Australian region without a drop of milk

An unusual situation is occurring in the Far North Queensland region: there is a shortage of milk and the milk shelves in the stores are empty. This is interesting and acute because the region once had hundreds of dairy farms, and as recently as 2000, the local factory was supplied by 185 producers. Now their number has dropped to 45, and the reason cited is the deregulation of the dairy industry. Much of the region’s milk needs are currently met by imports, but recently demand has outstripped supply.

Fonterra has opened a new innovation center in China

The facility, which opened in Shenzhen, southern China, will focus on the beverage category. The center was set up as part of the company’s strategy to present New Zealand milk to Chinese customers in an innovative way. Work at the application center will focus on testing and developing new products. These will be tailored to the needs and expectations of Chinese consumers.

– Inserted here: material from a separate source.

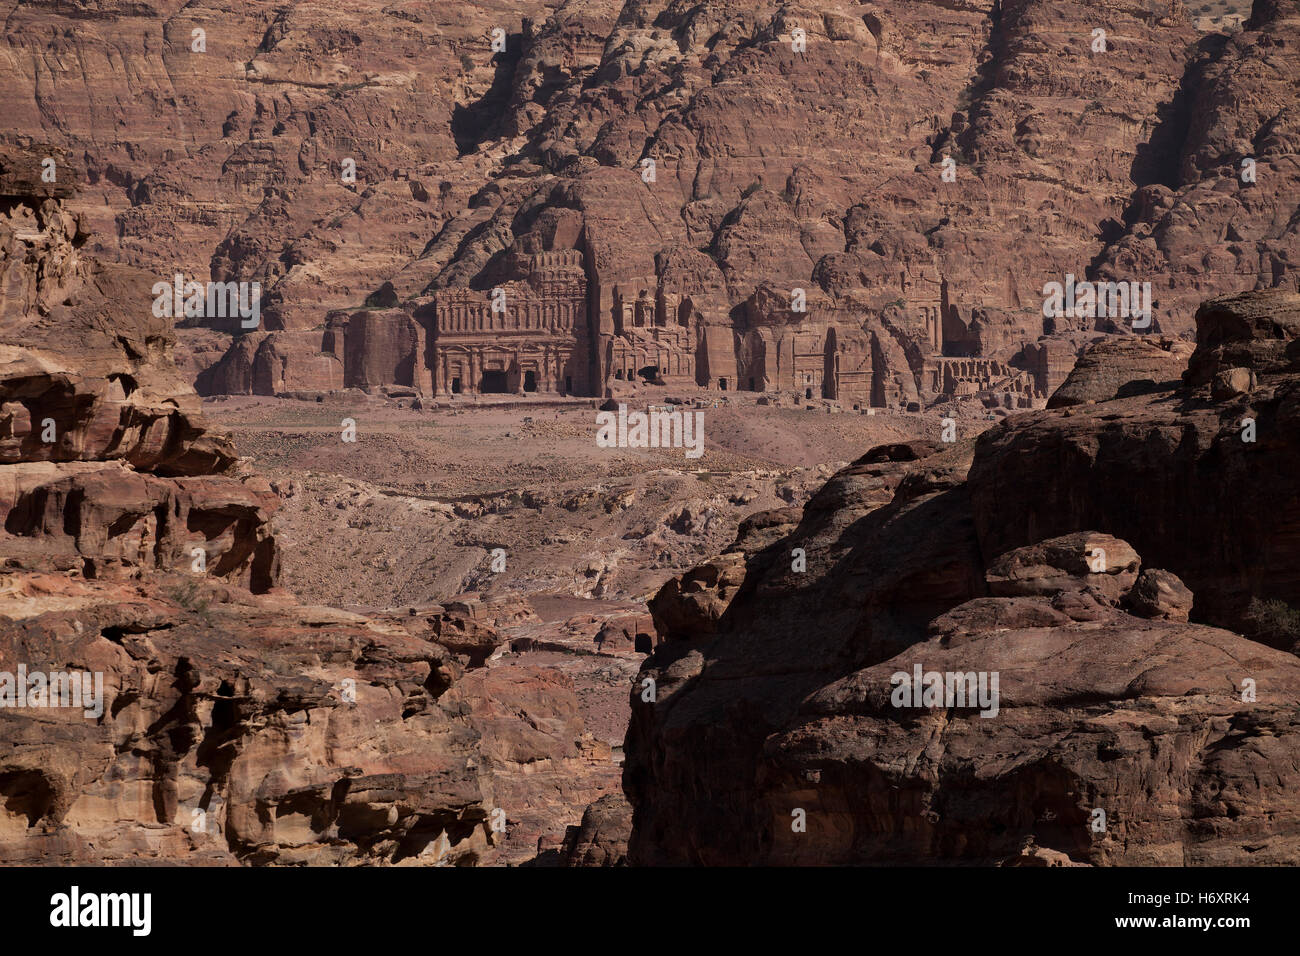 Alten nabatäischen Rock geschnitten Denkmal Fassaden geschnitzt in Jabal al-Khubtha, bekannt als "Königsgräber" bei Petra die alte Hauptstadt des Königreiches nabatäischen in der südwestlichen Wüste von Jordanien liegt Stockfoto

Russian milk is a threat to producers in Kazakhstan

Recently, it has been reported that cheap Russian milk is appearing in Kazakhstan, which is clearly a threat to the interests of local producers. Experts point out that the only appropriate response is stricter border control. In their view, the uncontrollable consequences of flooding the country with cheap Russian milk are difficult to foresee, especially since the situation is likely to continue for a long time considering the weakening ruble.